Goldman, who also converted his novels “Marathon Man,” ”Magic,“ ”The Princess Bride“ and ”Heat“ into screenplays, clearly knew more than most about what the audience wanted. He was not only a successful film writer but a top script doctor, the industry title for an uncredited writer brought in to improve or ”punch up“ weak screenplays.

Goldman also made political history by coining the phrase “follow the money” in his script for “All the President’s Men,” adapted from the book by Washington Post reporters Bob Woodward and Carl Bernstein on the Watergate political scandal. The film starred Robert Redford as Woodward and Dustin Hoffman as Bernstein. Standing in the shadows, Hal Holbrook was the mystery man code-named Deep Throat who helped the reporters pursue the evidence. His advice, “Follow the money,” became so widely quoted that few people realized it was never said during the actual scandal.

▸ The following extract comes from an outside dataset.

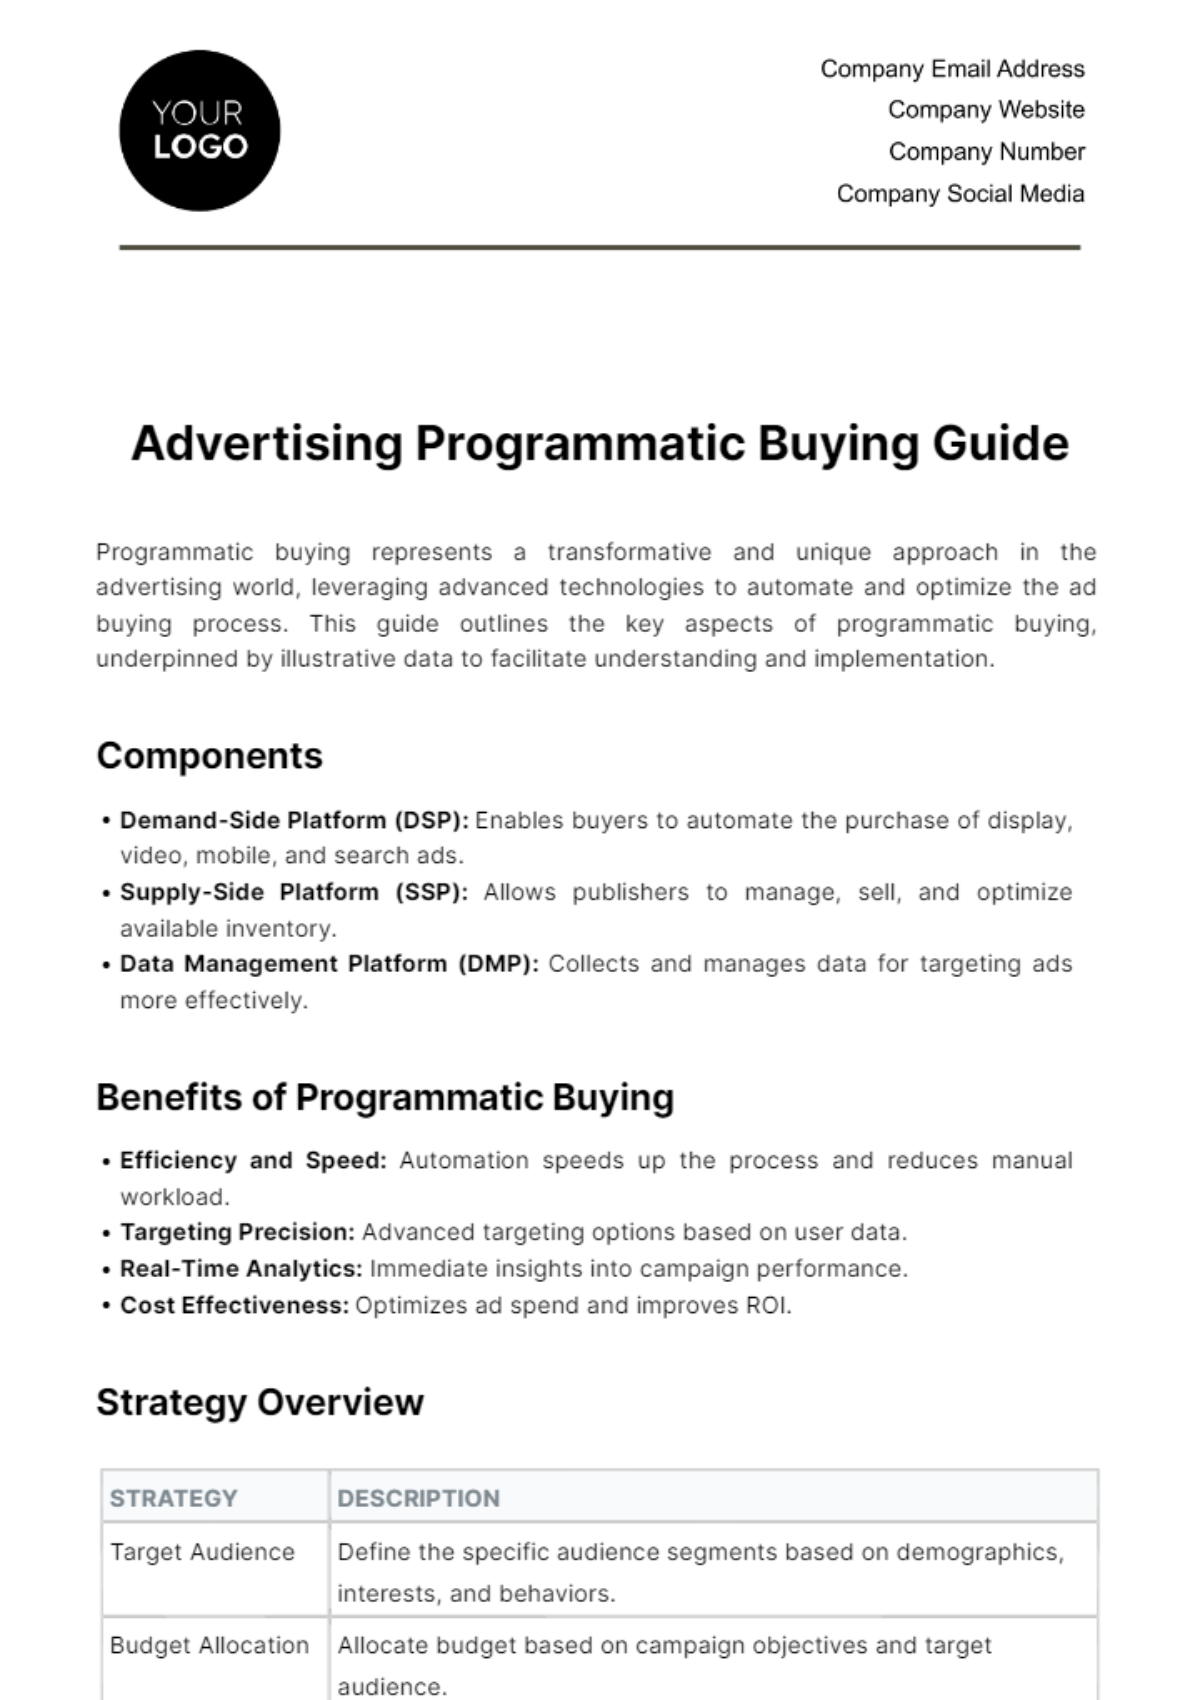 Free Advertising Programmatic Buying Guide Template
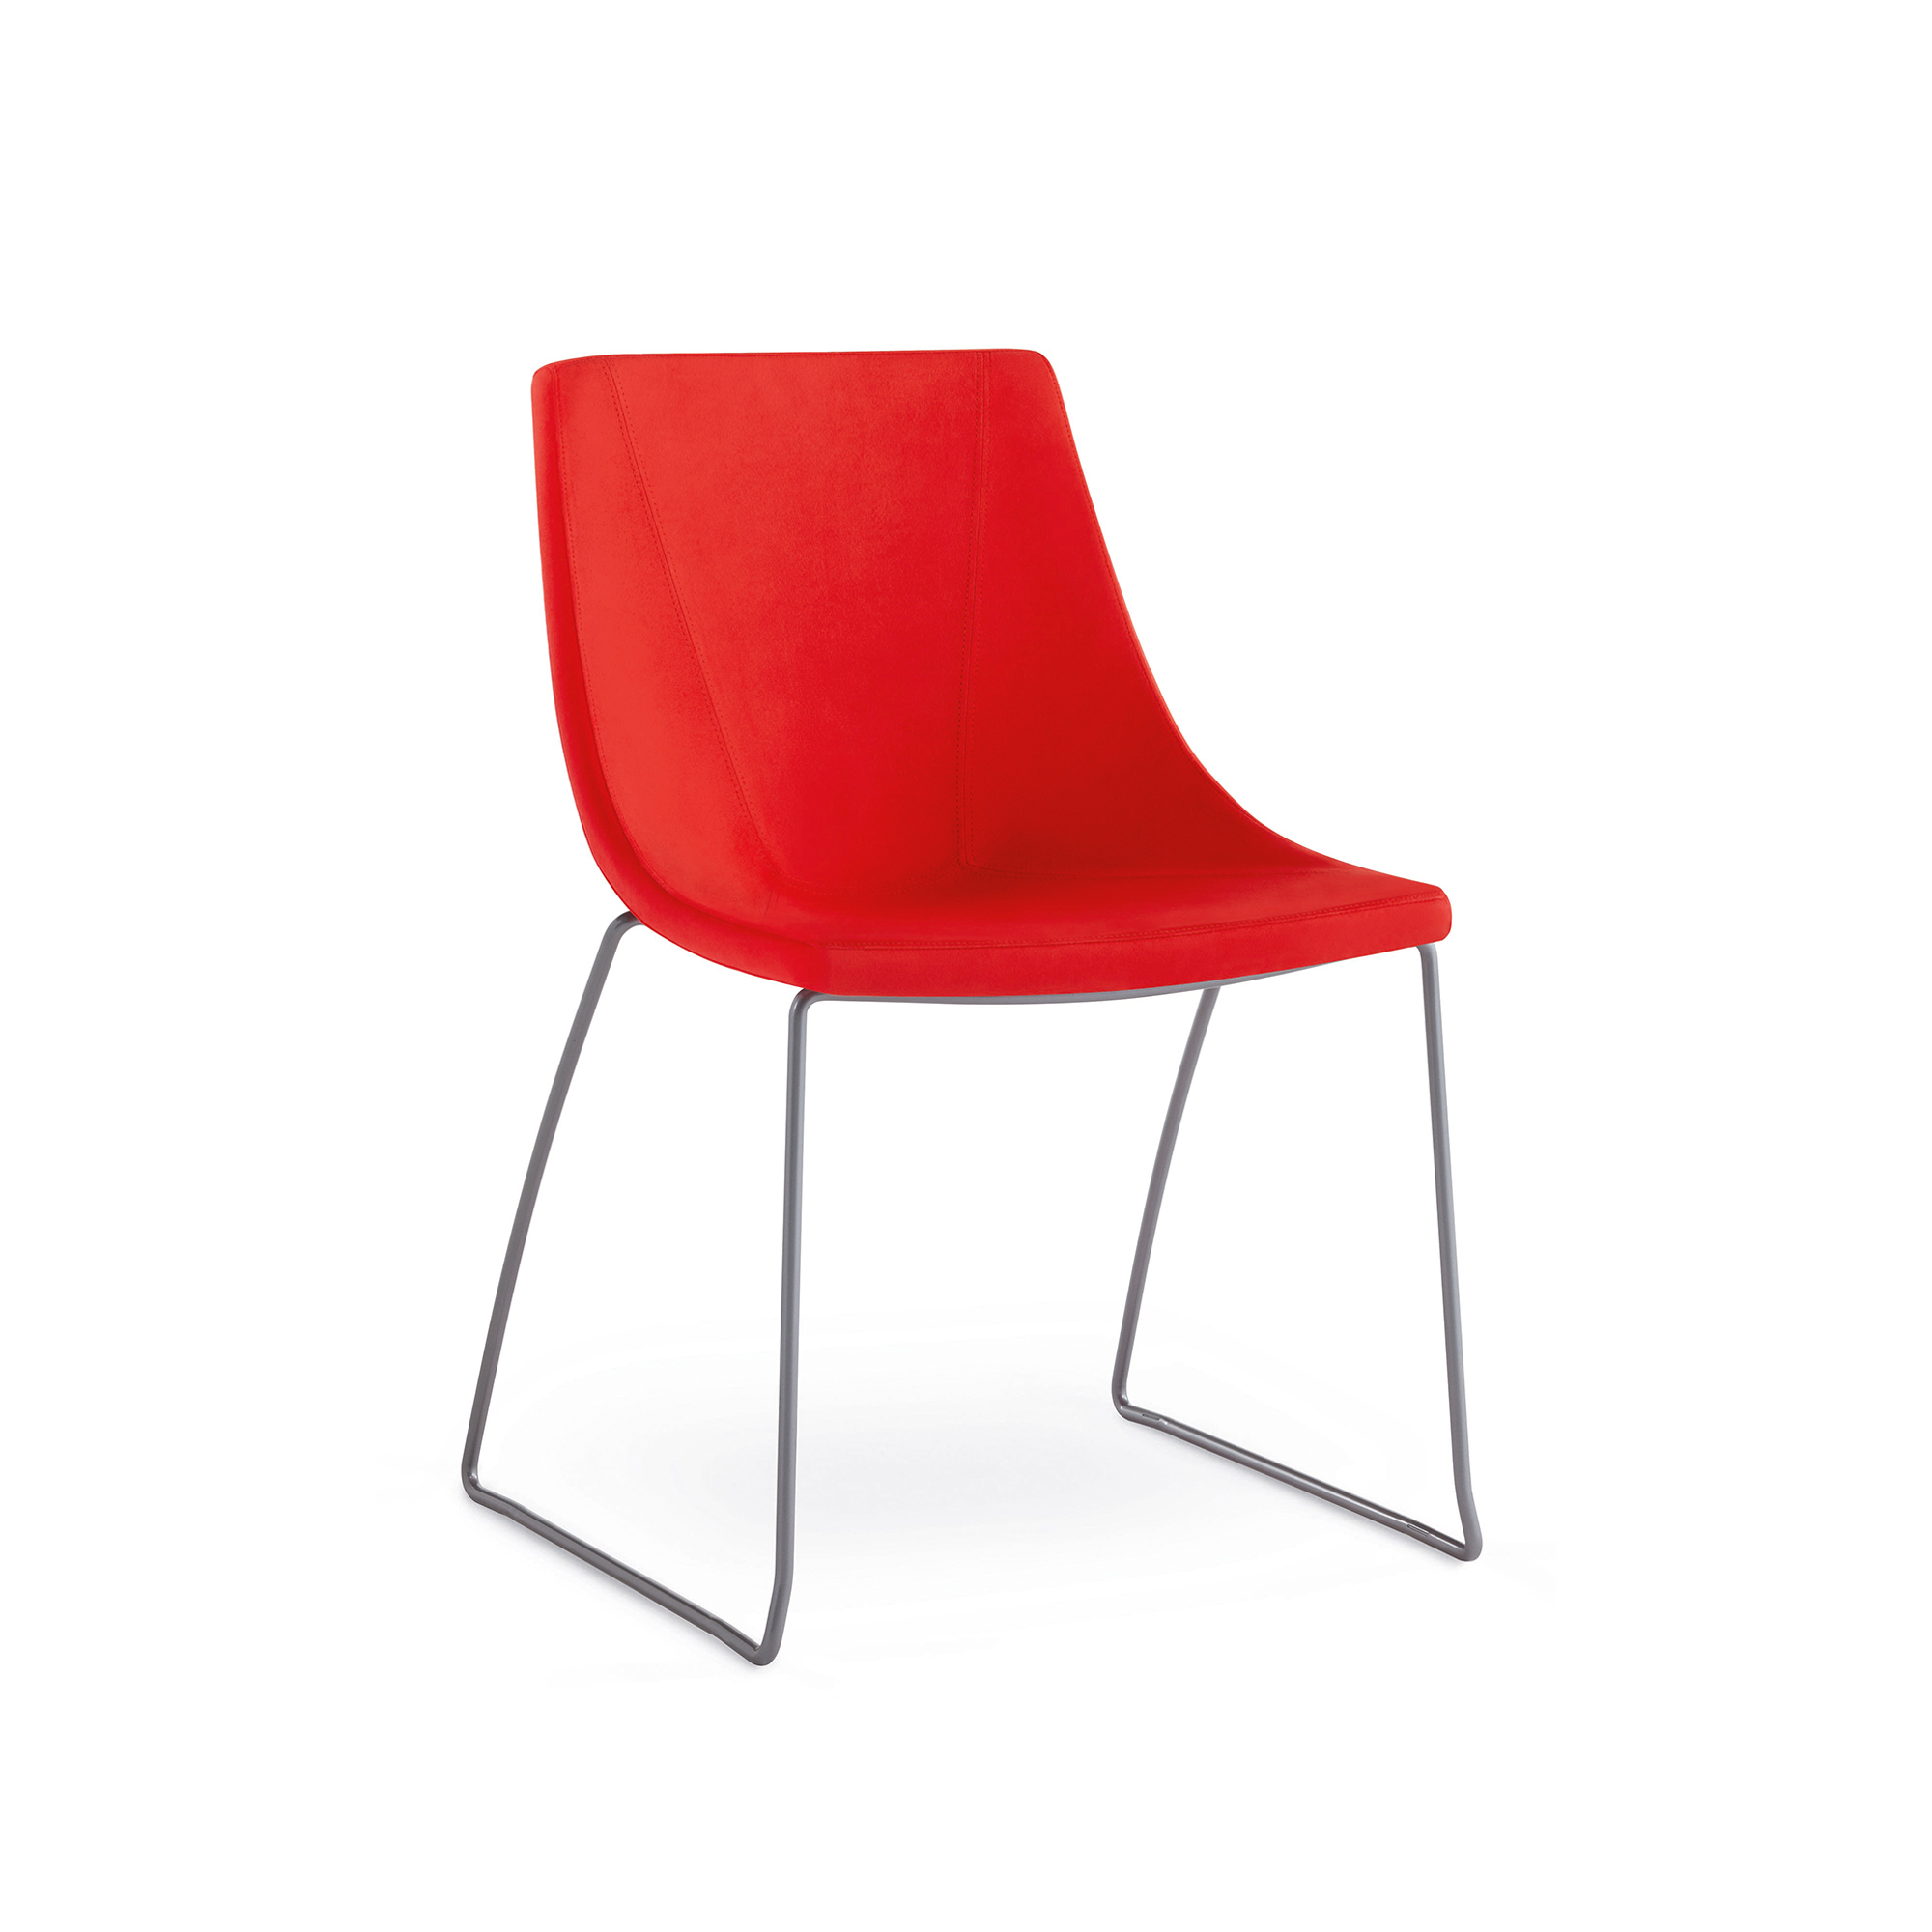 Chirp Guest Chair, Sled Base, Red Upholstery

A confirmed New Yorker, Goldman declined to work in Hollywood. Instead, he would fly to Los Angeles for two-day conferences with directors and producers, then return home to fashion a script, which he did with amazing speed. In his 1985 book, “Adventures in the Screen Trade,” he expressed disdain for an industry that elaborately produced and tested a movie, only to see it dismissed by the public during its first weekend in theatres.

“Nobody knows anything,” he remarked.